The indictment says that for at least five years, Didion Milling covered up its safety failures by forging documents and falsifying records, including back-dating and back-filling a log book to make it seem like regular cleaning had taken place.

Didion Milling, its Vice president of operations Derrick Clark, its former Food Safety Superintendent Shawn Mesner, its former Shift Superintendent Anthony Hess, and its former Shift Superintendent Joel Niemeyer, as well as former Environmental Coordinators James Lenz and Joseph Winch, were all indicted for conspiracy to commit federal offenses in order to conceal violations and unsafe conditions from auditors and government agencies. The alleged conspiracy included an agreement to falsify cleaning logs and baghouse monitoring logs, submit false environmental compliance certifications, and provide false testimony on matters within the jurisdictions of the Occupational Safety and Health Administration (OSHA) and the Environmental Protection Agency (EPA).
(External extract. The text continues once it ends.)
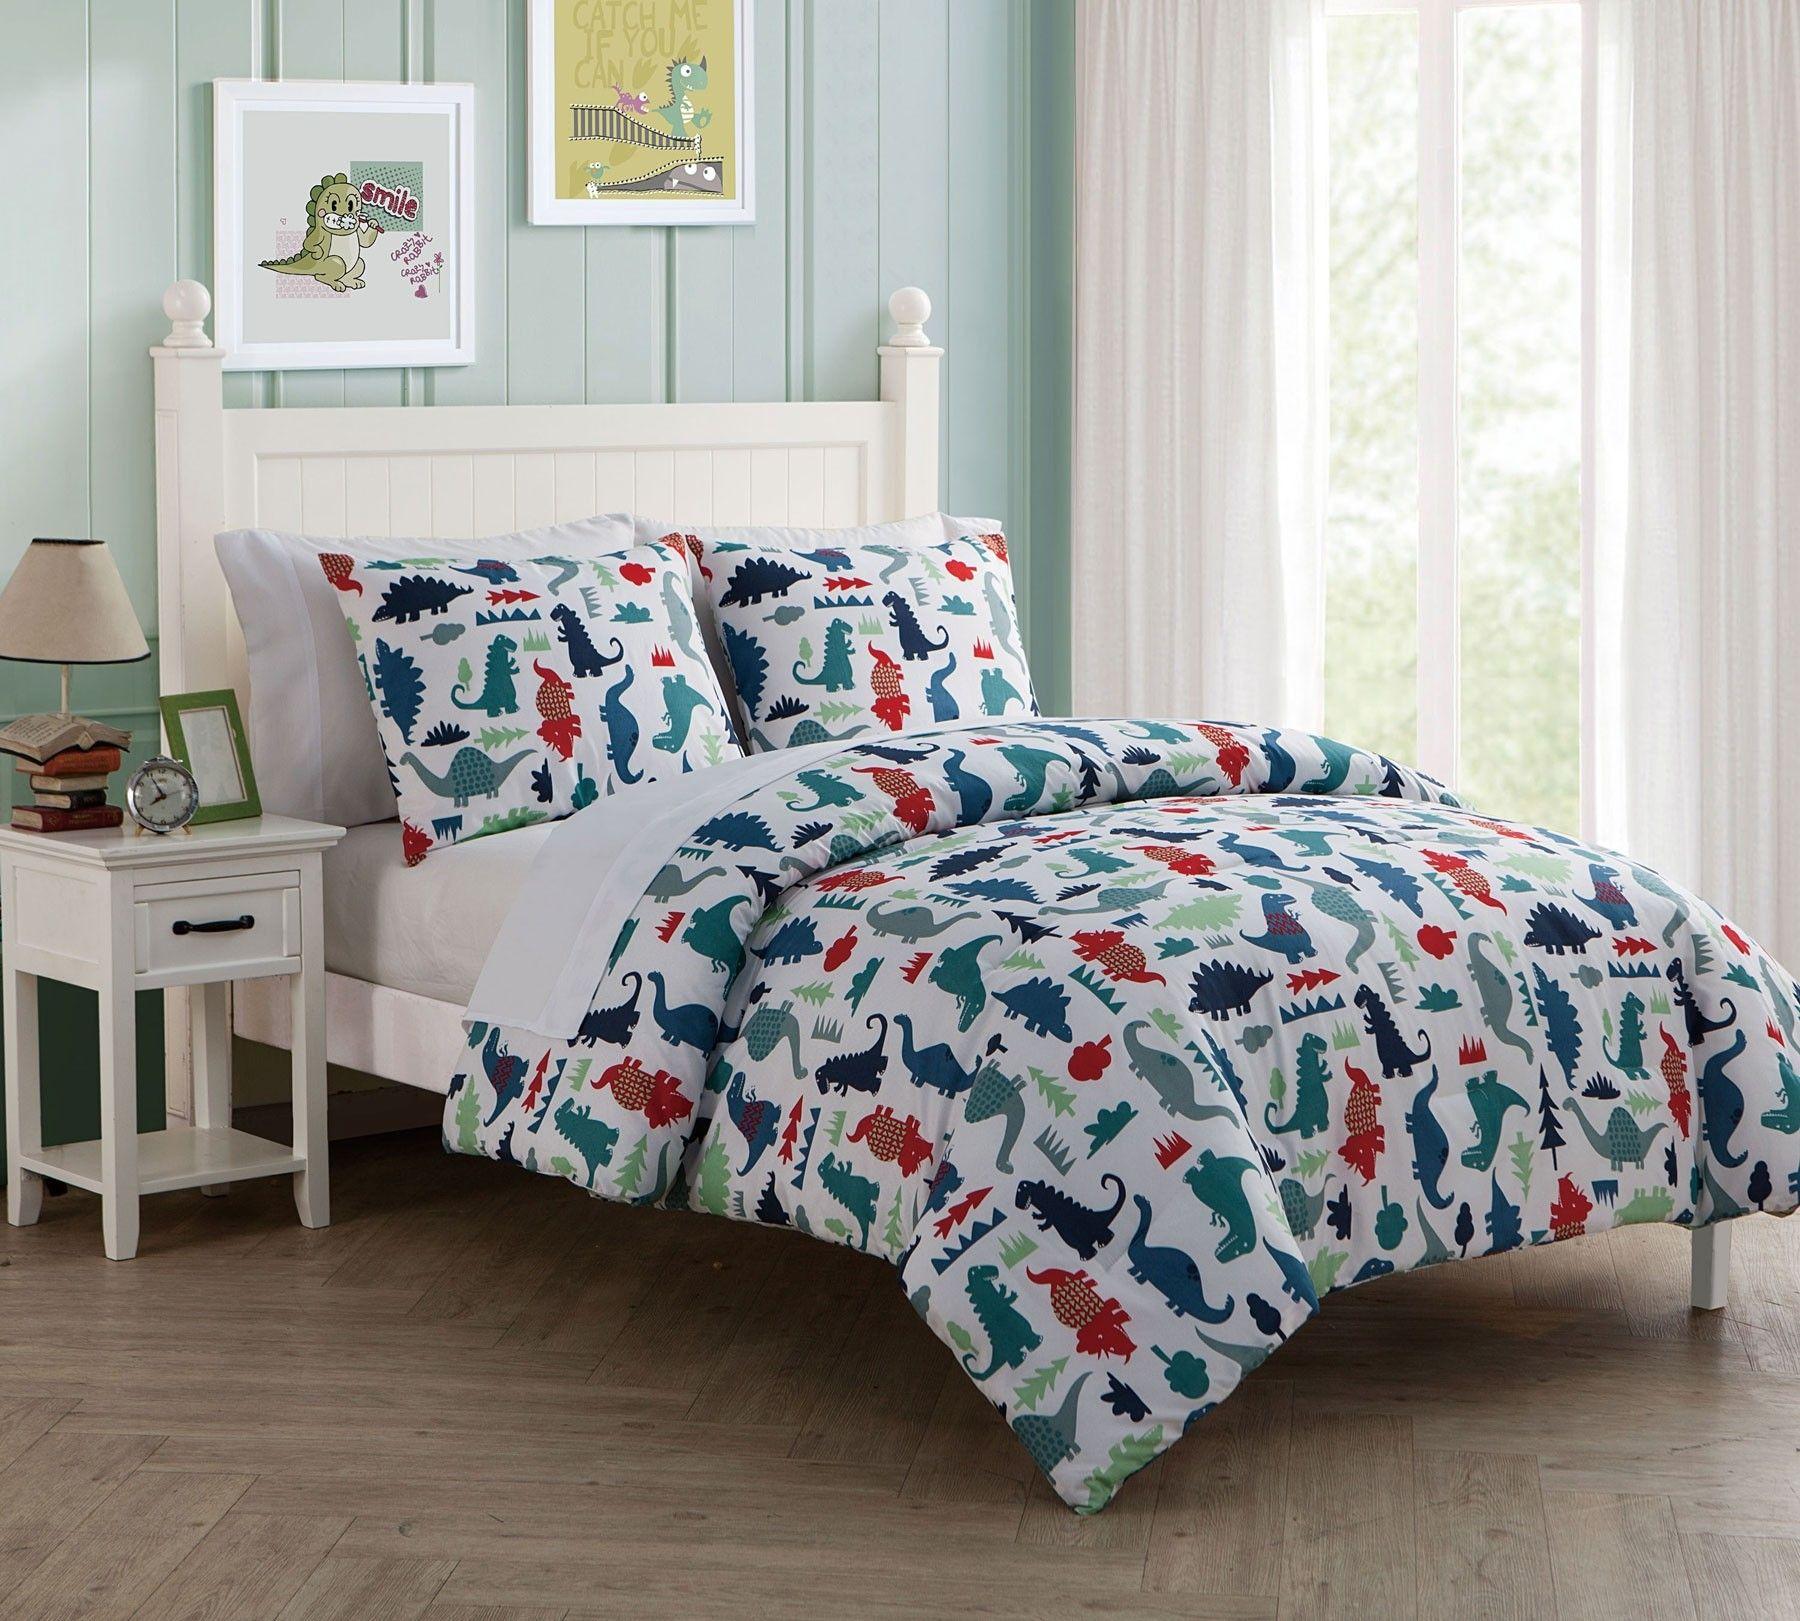 Vcny Owen Full Dinosaur Boys Bedding Comforter 7 Piece Dino Bed In A Bag Set Turn Your Child S Room Int Bed Comforters Comforter Sets Affordable Bedding Sets

Didion Milling and the individuals knew that the lack of cleaning at the facility created unsafe conditions, but they did nothing to fix it and lied about it to auditors and government agencies, the indictment states. One example that the indictment lists is from 2014 when an employee changed around 300 “task not completed” cleaning entries in a log book to “Superintendent verified tasks were completed on this date” to help cover up the fact that regular cleaning was not taking place.
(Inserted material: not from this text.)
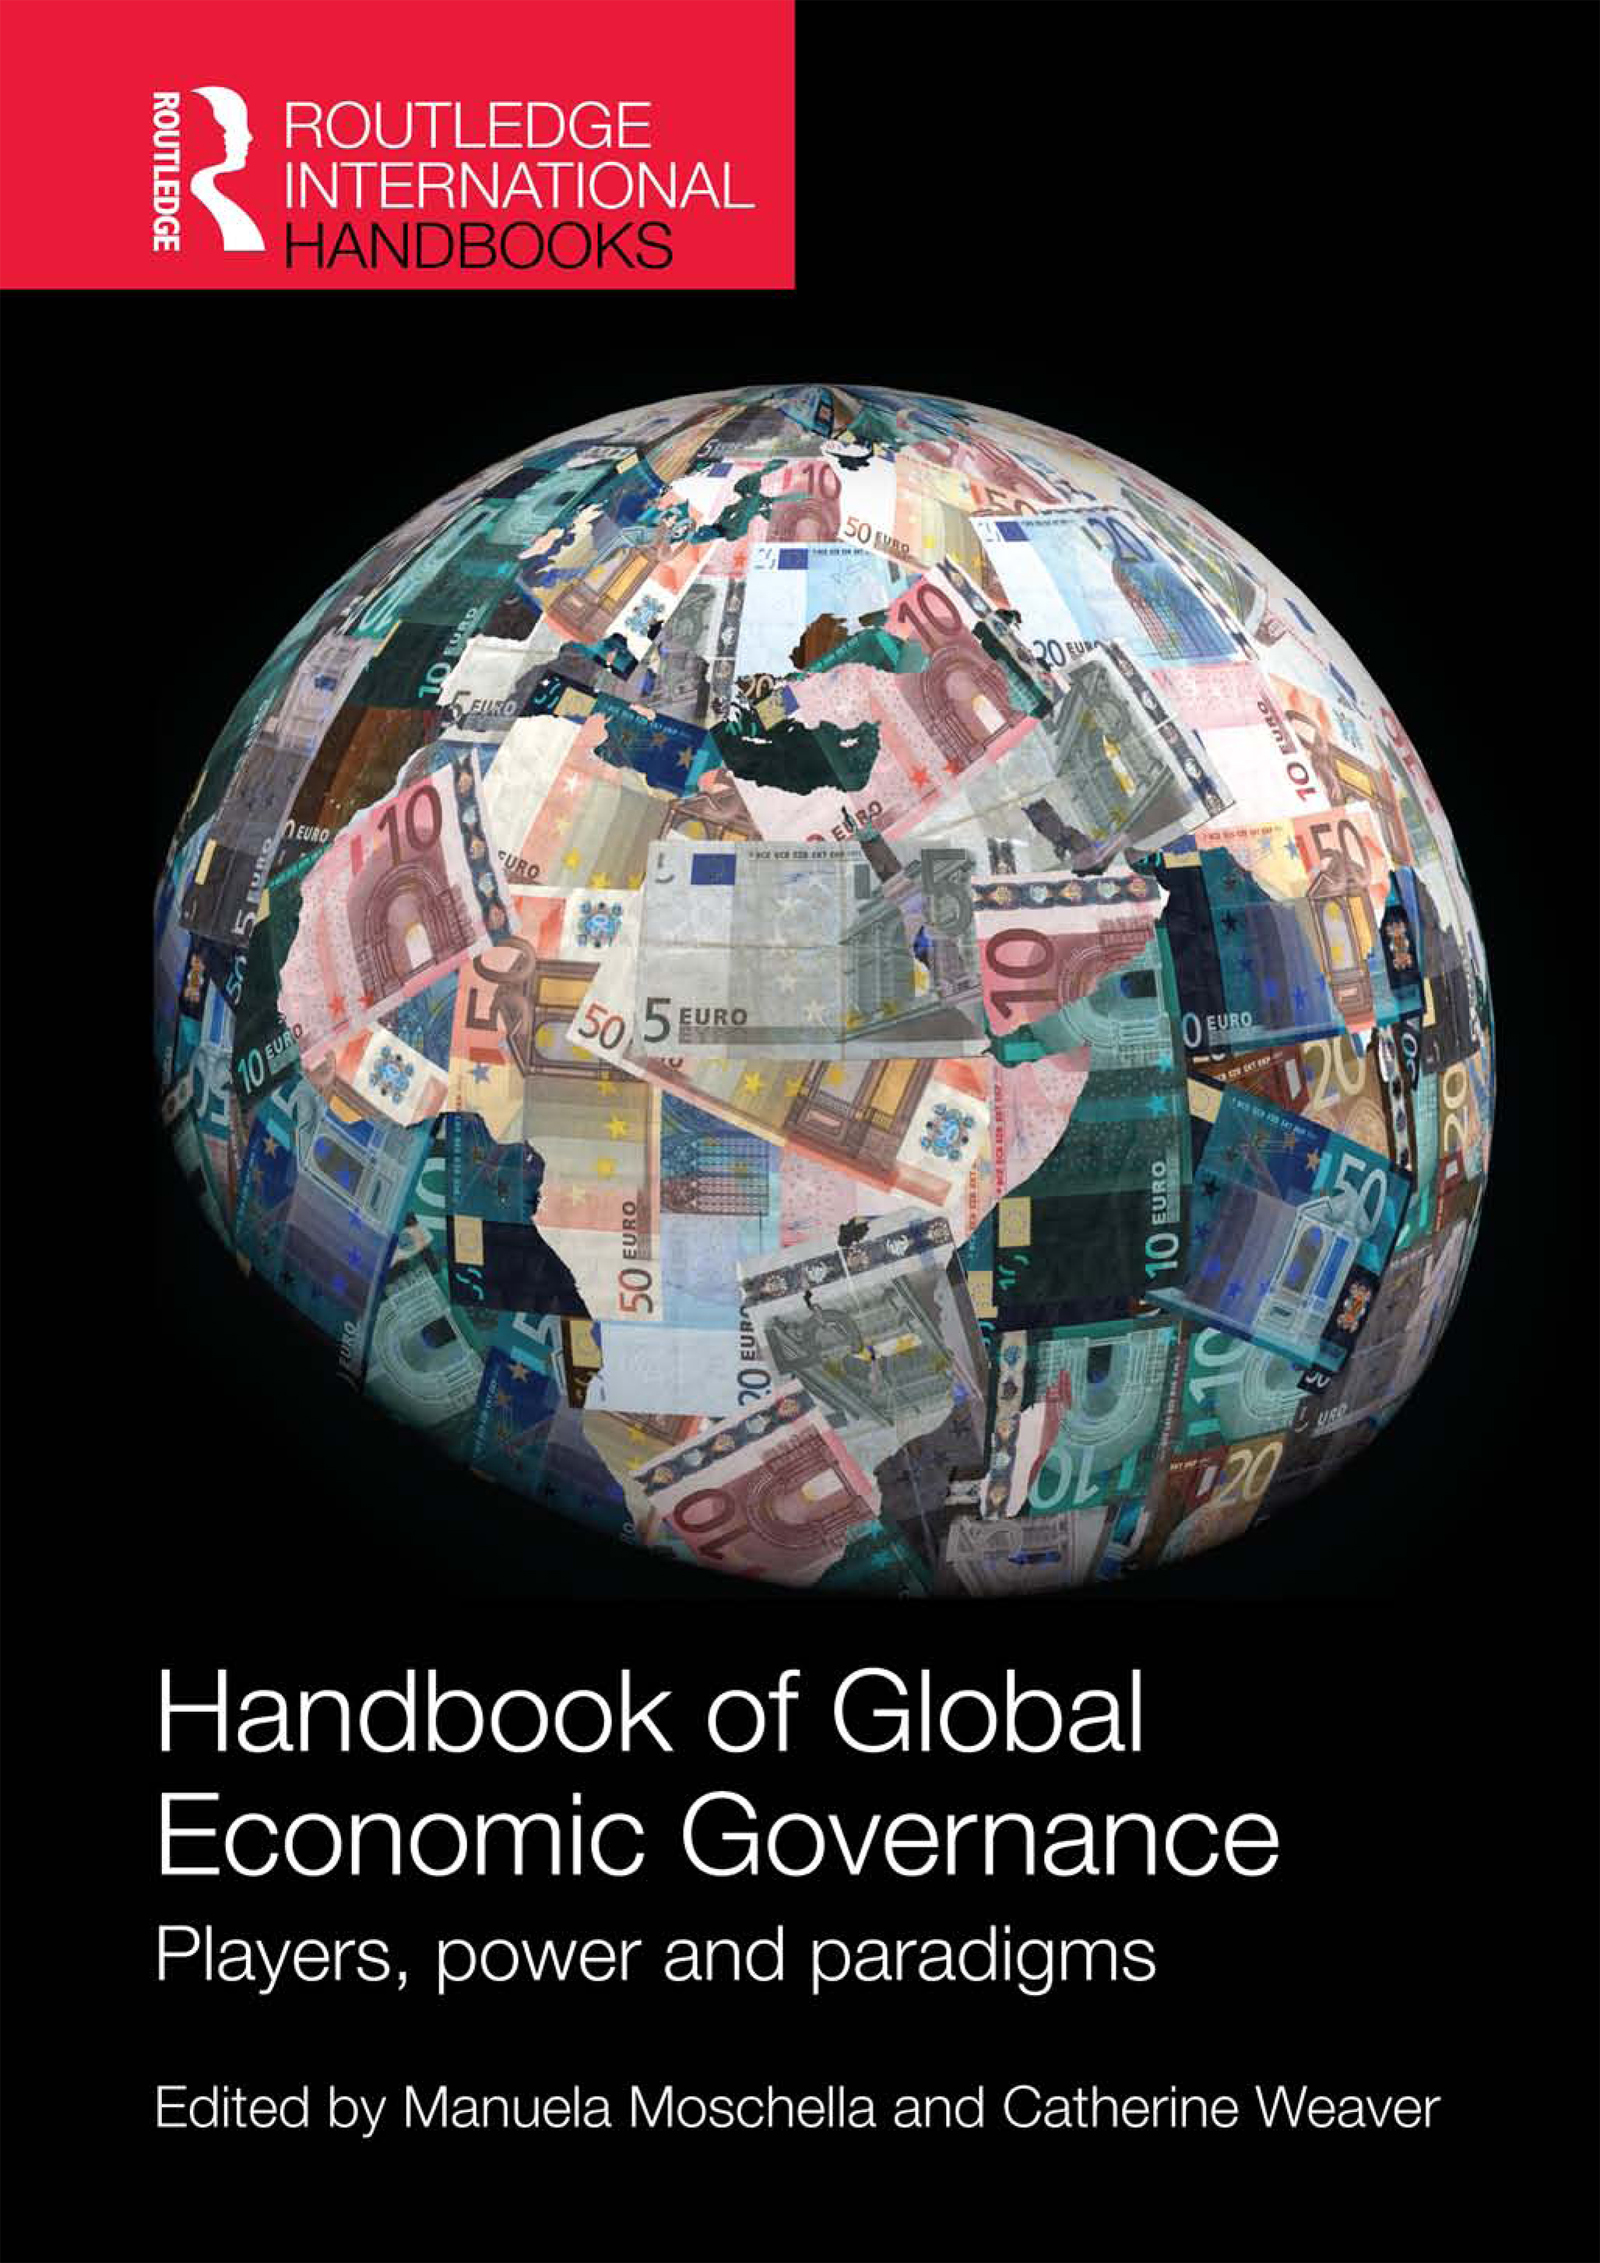 Handbook of Global Economic Governance

According to the indictment, federal regulations relating to filter collectors were also ignored with Didion Milling having at least 24 filter collectors at its facility of which none were either located outside, had venting to the outside, or had an explosion suppression system.

Didion Milling, Clark, Mesner, Hess and Niemeyer also conspired to commit fraud by agreeing to take deceptive measures to conceal the failure to adhere to food safety procedures at the mill, including by falsifying the cleaning logbook to conceal the fact that Didion Milling was not following its written cleaning schedule, so that the company could maintain its food safety certification and continue to sell its products to food and beverage manufacturers. 
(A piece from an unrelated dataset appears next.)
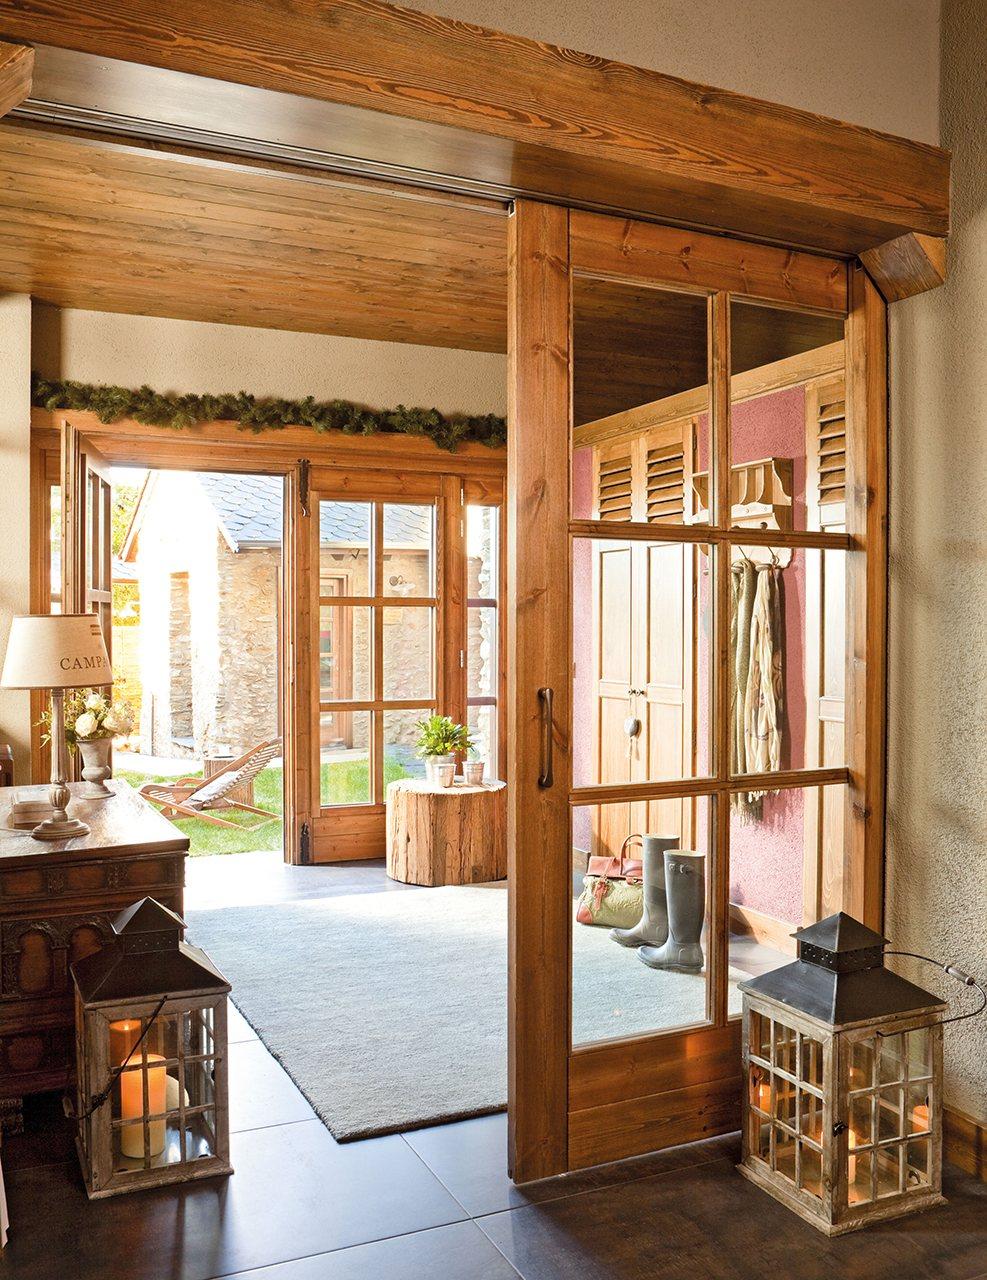 Gana espacio extra en casa for Puertas acristaladas interior

Didion Milling and the individual defendants are further charged in the indictment with related substantive offenses. Hess, Clark and Didion Milling are charged with obstruction of justice for providing false and misleading testimony to OSHA after the May 2017 explosion concerning their knowledge of combustible dust hazards.

Former Didion Milling Shift Superintendents Michael Bright and Nicholas Booker previously pleaded guilty to making false entries in Didion Milling’s cleaning logbook and false entries in the company’s baghouse log, which involved matters within the jurisdiction of OSHA and EPA, respectively.

In a statement, the US Department of Justice said that if convicted of the OSH Act offenses, Didion Milling may be ordered to make restitution to victims as compensation for their financial losses, fined, and sentenced to corporate probation with conditions. If convicted of fraud conspiracy, a defendant may be sentenced to a maximum term of imprisonment of 20 years, fined not more than $1 million and ordered to forfeit assets derived from fraud. If convicted of conspiracy to commit federal offenses and other substantive offenses set forth in the indictment, a defendant may face maximum terms of imprisonment ranging from five to 20 years and fines of up to $1 million depending on the crime of conviction.

In a statement sent to local press, Didion Milling called the charges unwarranted and said safety was of the upmost importance to the company. The company called the explosion a “horrible accident, not a criminal act”.

The 2017 explosion is not the only incident involving safety violations that has occurred at the plant in recent years. In June 2021, OSHA announced that it had fined Didion Milling a total of $676,000 after a worker died from engulfment in an unsafe grain bin. Didion received 14 citations for grain-handling safety violations. An OSHA investigation found that the manager entered the unsafe grain bin despite recently having an external process underway to remove corn from the clogged silo.